Ugh. None of this is working. The only thing working is keeping Knuckles away from Saki - when she decides to eat. Neither one of these dogs want to eat when I want them to eat. I know Saki is going to take awhile to get used to this feeding schedule thing, she just wants to eat whenever because she has been free fed since she was a pup. But now... take this morning for example. Knuckles hasn't eaten since about 6pm last night. I got up at 6am, let him out, put food down for him when he came in. He doesn't want to eat it right now, he wants to play. He'll walk over and take a bite or two and continue playing. I've got 2 full bowls of food on the floor right now and nobody is by them. Saki is on the floor here in the kitchen playing with Knuckles... even if he walks over and eats she doesn't care, as long as he doesn't walk over by her when she's eating. 
I've tried putting the food up if they won't eat, but when I put it down they look at me like "yep, thats where it goes, now leave it there" and walk away and they will go back on their own time.


----------



## BlackPuppy (Mar 29, 2007)

They will get used to the new schedule.

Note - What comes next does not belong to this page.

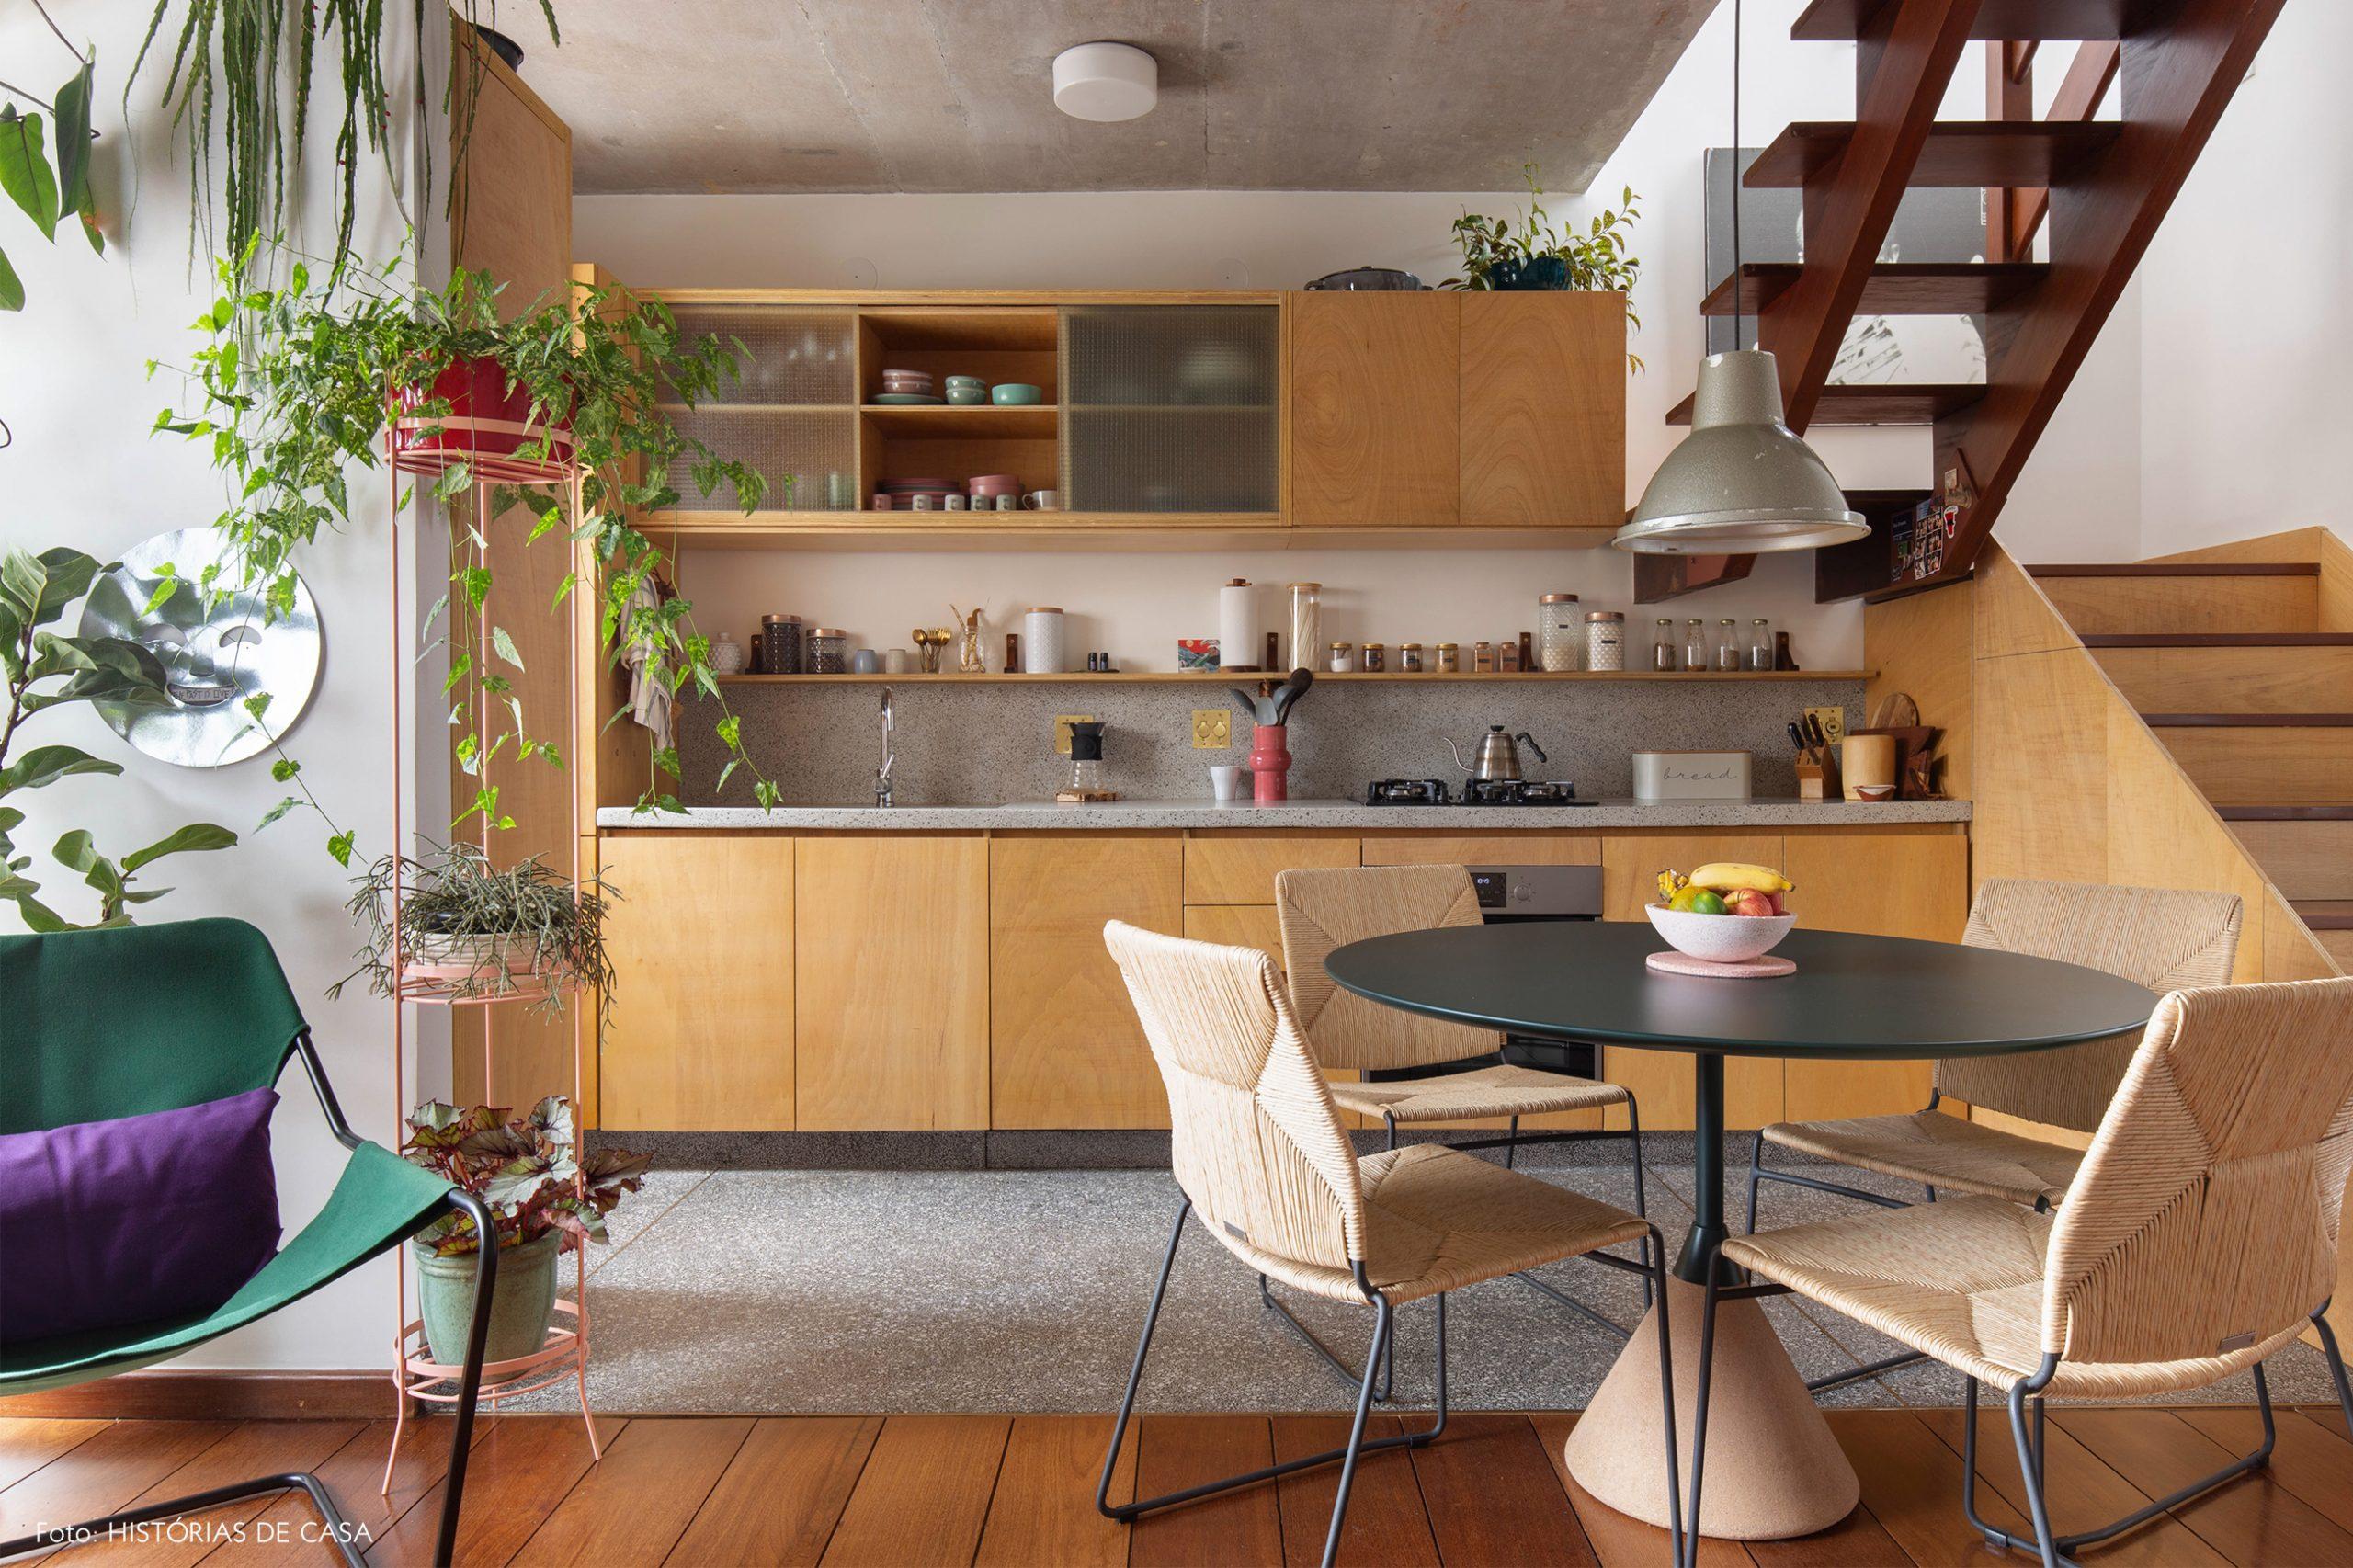 decoração cozinha com armarios de madeira clara e mesa redonda escura

And keeping Knuckles away is what you need to do. It's what everybody is telling you to do. You are going to need to do this for a long time. Not just a couple of days or a week. We are talking months. Maybe forever. It depends on how much work you want to put into it.

When a new puppy comes into my house, he gets the crate for his house and he eats in there in the beginning. There is ALWAYS a problem when a new puppy arrives. At some point, when the puppy is much older, I start feeding the dogs in the same room. At that point I spend a lot of time with the puppy, physically blocking him from the other dogs' food. 

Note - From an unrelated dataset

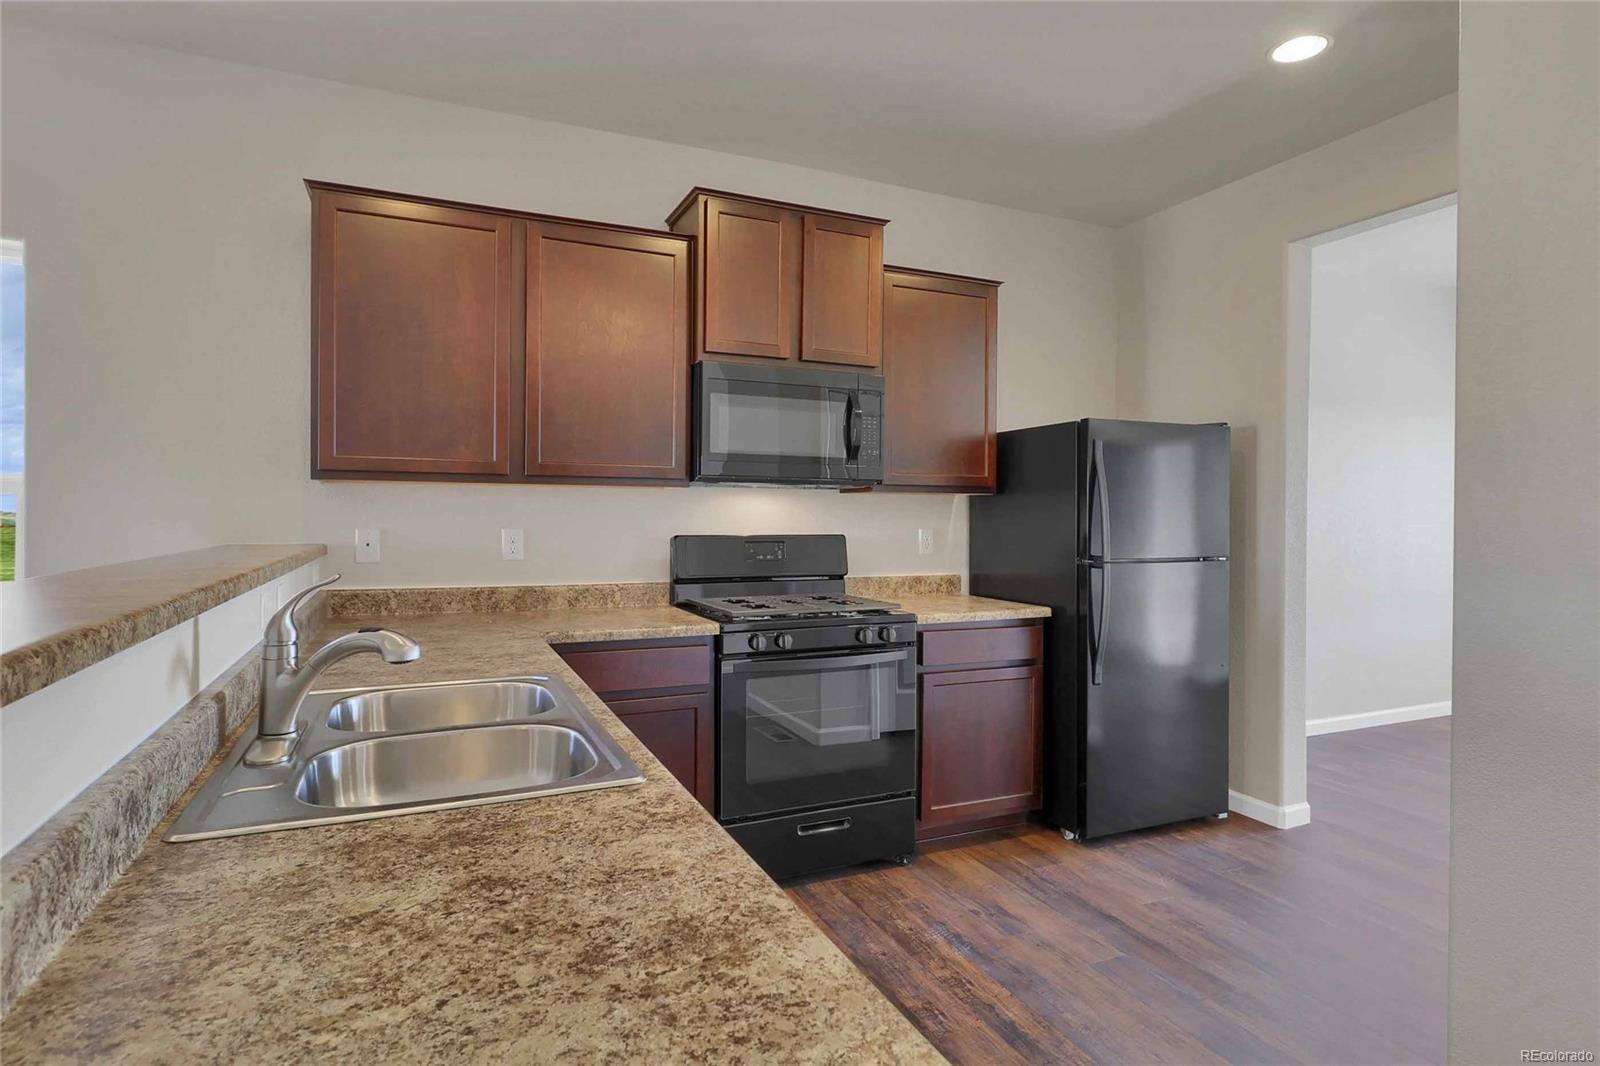 MLS# 9994373 - 1 - 47312  Lilac Avenue, Bennett, CO 80102

When I have a very high value food item, like their weekly chicken breasts. I go outside to feed them. They each take their piece of chicken and run to different corners of the yard. If one dog is too slow, I'm ready to repel any greedy dogs looking for crumbs.


----------



## Cassidy's Mom (Mar 30, 2003)

Carole is right, it will take some time for them to adjust to the new schedule, but they will eventually figure out that they need to eat as soon as you put the food on the floor because if they don't they're not going to have an opportunity again for awhile. Start by feeding in the crates if you have to, and leave them alone with the food for a period of time, so they can't choose to play instead of eat. Mealtime is mealtime, playtime is playtime. 

Puppies shouldn't go for too long without food, but you can use some of the kibble as training treats.


----------



## Kittilicious (Sep 25, 2011)

Remember this problem? Well... I gave up and let them figure it out on their own. 

Now they are BOTH respectful of who is eating. They usually just take turns - I take a few bites, you take a few bites. It's kinda funny watching them. 

Here's Saki waiting for her turn - 









And yes, I still have 2 food bowls, but THEY chose to share. They will both eat out of one bowl until it's gone, then move to the next one. They are both getting about 2 cups a day total, 2 cups go in each bowl and they are both getting pretty close to an equal amount by the end of the day. I gave up on the scheduled feedings too. They usually eat one bowl in the morning and the other late afternoon. They did it on their own. 

Its working for now, so I'm not going to try to fix it unless something else happens.


----------